Theme A : Specific weather and climate phenomena permitted by high-resolution

Past studies of added value afforded by RCMs have proceeded by separating spatial scales into those resolved by driving GCMs and those additional scales permitted by the higher resolution RCM, by using either Fourier (Denis et al., 2002) or digital (Feser, 2006) filtering, or with a perfect-prognosis approach based on aggregation (Di Luca et al., 2011). These approaches have all shown limitations.

We propose to approach the quantification of added value from a different perspective based on an understanding of the physical mechanisms that contribute to temperature and precipitation extremes. Our working assumption is that for each region of Canada, the most significant local weather and climate phenomena (such as freezing rain, downslope windstorms, valley drainage winds) can be related to characteristic signatures in large-scale atmospheric circulation or specific environmental precursors related to recent past anomalies (such as a wet or dry previous season). Monitoring the presence of such signatures in GCM climate simulations would allow focussing the efforts on specific episodes for performing expensive very high-resolution simulations of the anticipated significant phenomena with RCMs, in order to identify and best exploit the added value afforded by the use of high-resolution in dynamical downscaling.

This Theme will try to answer pressing questions such as: How will the intensity of future storms and their trajectories be modified under a warmer climate? What will be the consequences of such changes for local climate conditions? What modelling tools are required to adequately represent these physical processes?

Team Leader(s): 

Research Projects

Extreme precipitation events represent a significant economic and societal threat to the well being of Canadians.
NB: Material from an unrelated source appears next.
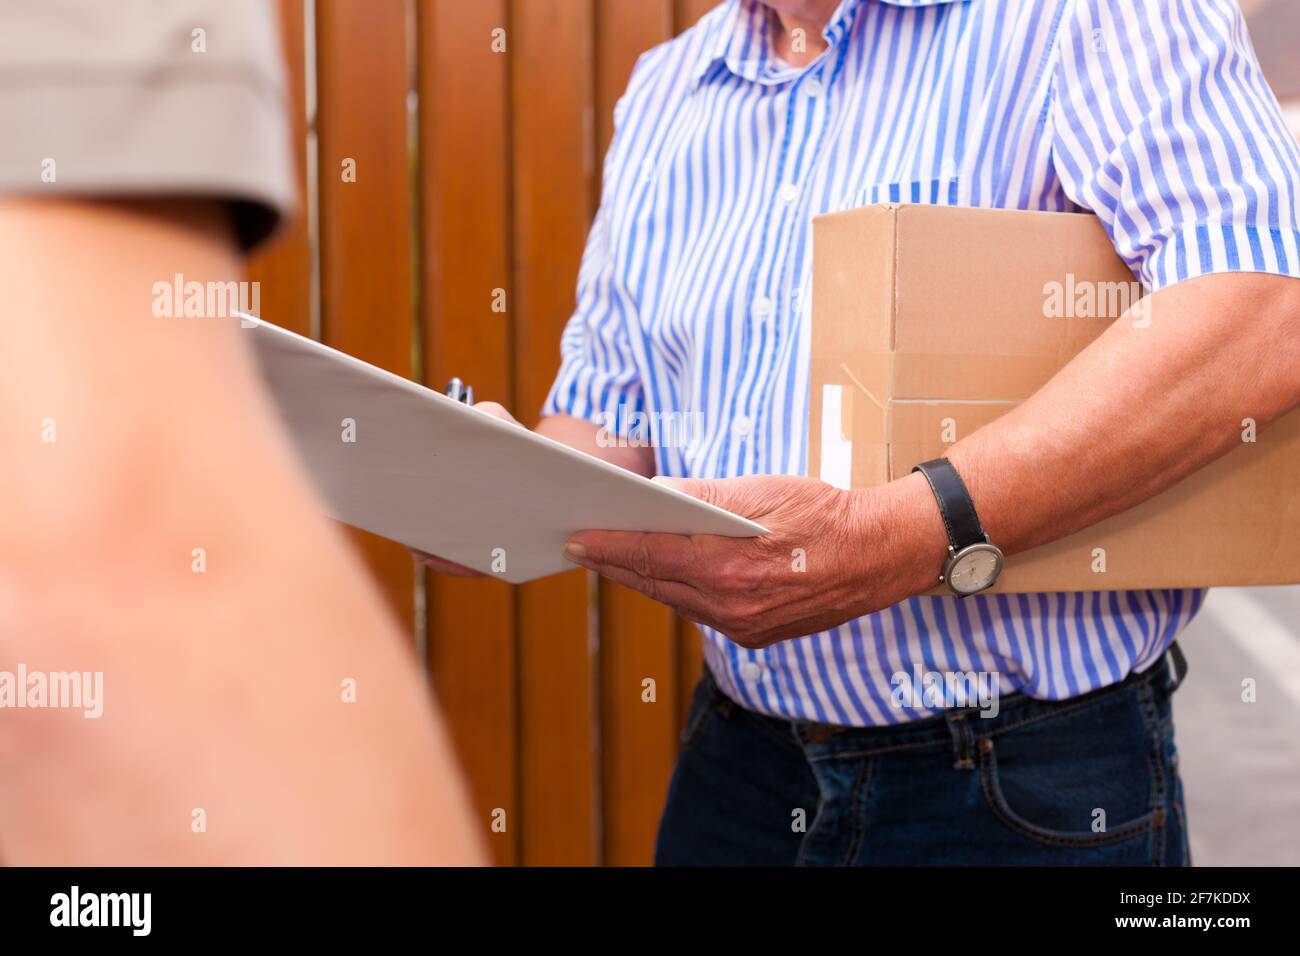 Servizio postale - consegna di un pacco; il postino consegna il pacco al cliente di fronte a casa sua; il cliente riceve la consegna Foto Stock

Specific examples include the 1998 freezing-rain storm in the St. Lawrence River Valley (SLRV) that imposed more than $3 billion in economic losses. Warm-season extreme rainfalls, particularly those associated with the transition of hurricanes to extratropical cyclones, can also inflict large impacts on the citizens of eastern Canada. For example, the extratropical transitions of Hurricanes Katrina (2005), Rita (2005), and Ike (2008), each contributed more than half of the...

The many types of precipitation that occur in Canada during winter storms may lead to major disruptions to the society by affecting power networks, the aviation industry and ground transportation. Winter precipitation commonly observed in Eastern Canada can be in the form of rain, freezing rain, ice pellets and wet snow. The prediction of the type of winter precipitation is challenging when it is formed at temperatures near freezing, as their formation and evolution imply phase changes that impact the dynamics and thermodynamics of storms.
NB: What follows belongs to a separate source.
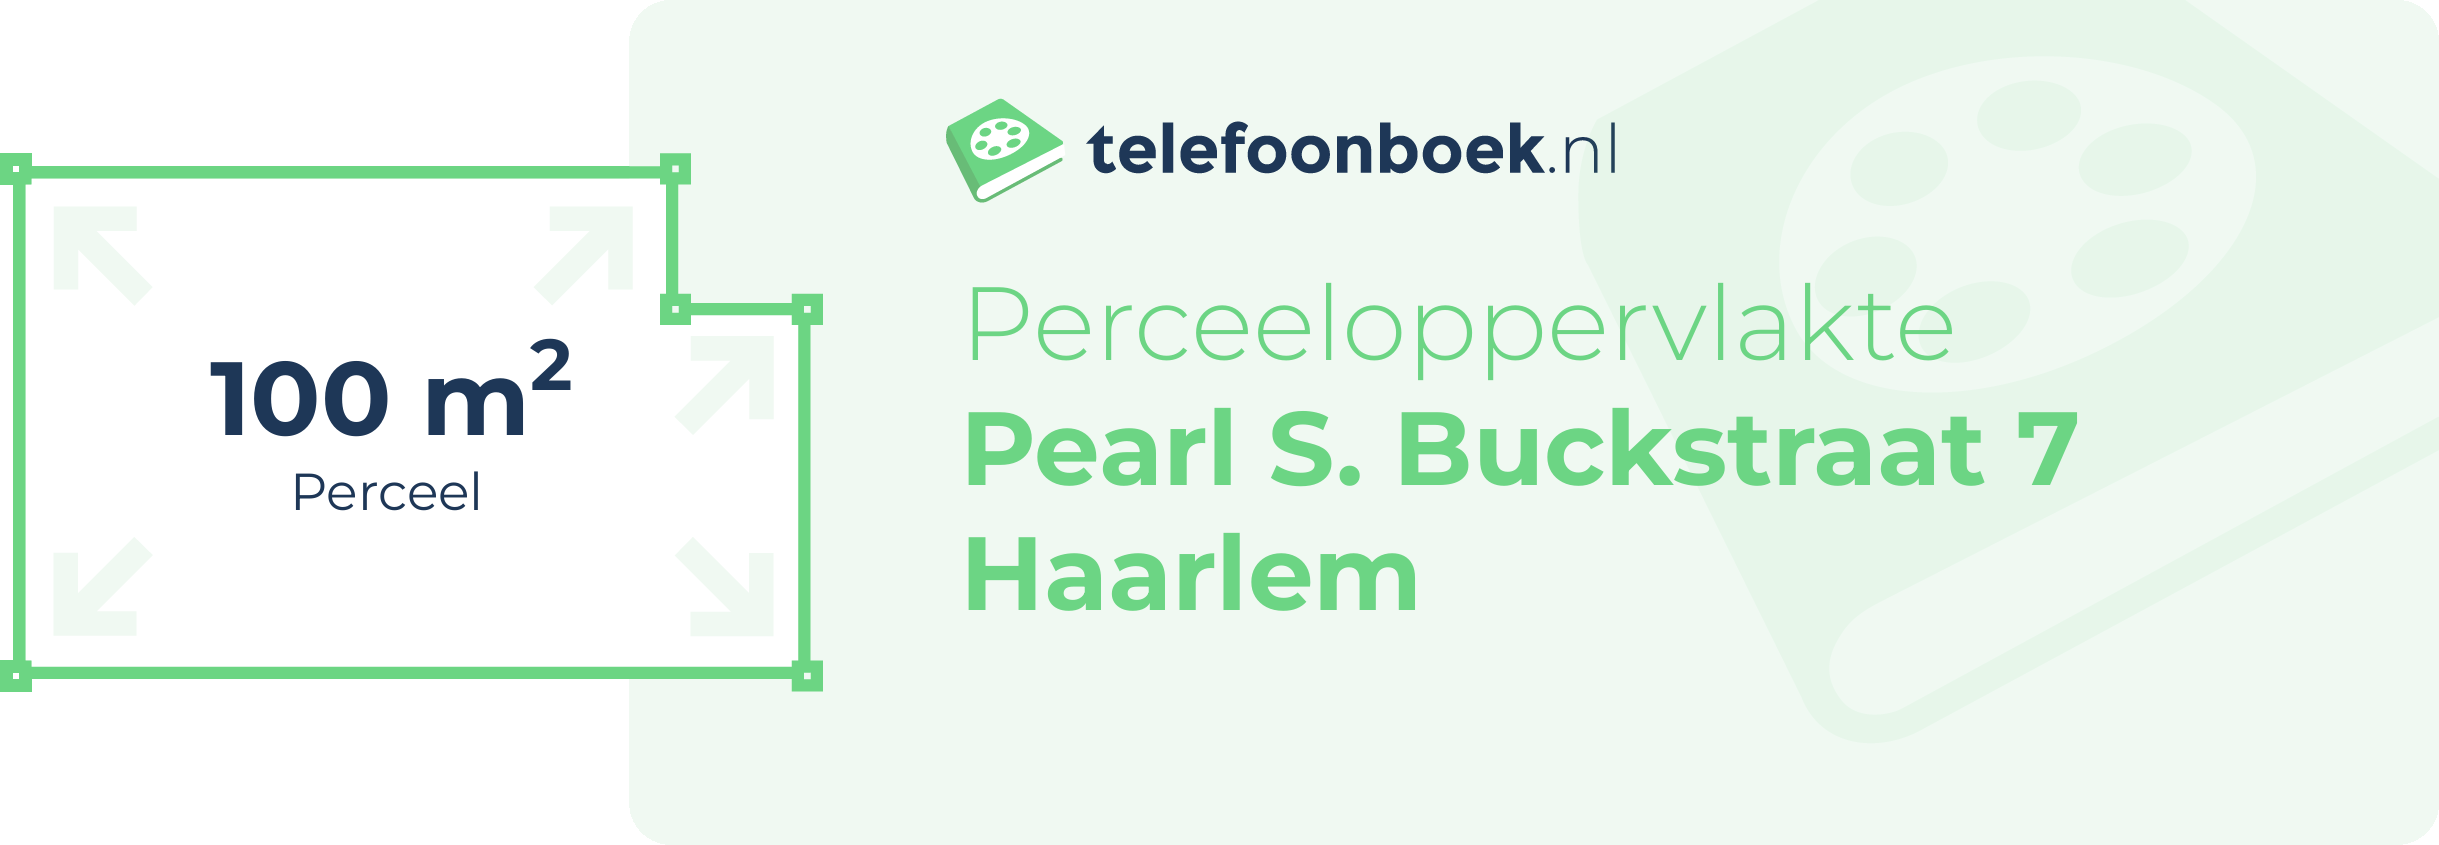 Perceeloppervlakte Pearl S. Buckstraat 7 Haarlem

Projected changes in weather storminess over Canada are expected to contribute to changes in weather extremes and hydro-meteorological hazards, through an interrelation of large-scale and regional-scale physical processes. The main objective of this project is to improve our understanding of the regional features of storm changes and the links between storm activities, including blocking events and weather extremes, and assessment of the effects of storminess changes on various timescales, from seasonal to decadal scales, for several regions across Canada.

The working assumption underlying regional climate modelling is that RCMs’ fine mesh permits the development of fine-scale structures that are required for an accurate description of local climates (e.g. Laprise et al., 2008). To this day however the quantification of the added value of RCMs remains a central issue. Frequency distribution analysis has confirmed the benefits of fine-mesh simulations in better reproducing the extreme values of key weather elements such as precipitation intensity (Mladjic et al., 2011).
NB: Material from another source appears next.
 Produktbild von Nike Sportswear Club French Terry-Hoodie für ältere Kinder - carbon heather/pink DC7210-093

Climate models are subject to structural uncertainty resulting from poorly constrained parameters of their parameterized physical processes. These parameters are usually tuned using expert judgment in a way that more often than not lacks planning, an established method and a clear aim. Recently, a promising objective optimization method has been developed and successfully tested on a European regional domain with the COSMO-CLM model (Bellprat et al., 2012a and b). The method has also been recently adapted at Ouranos within the same model for the North American continent.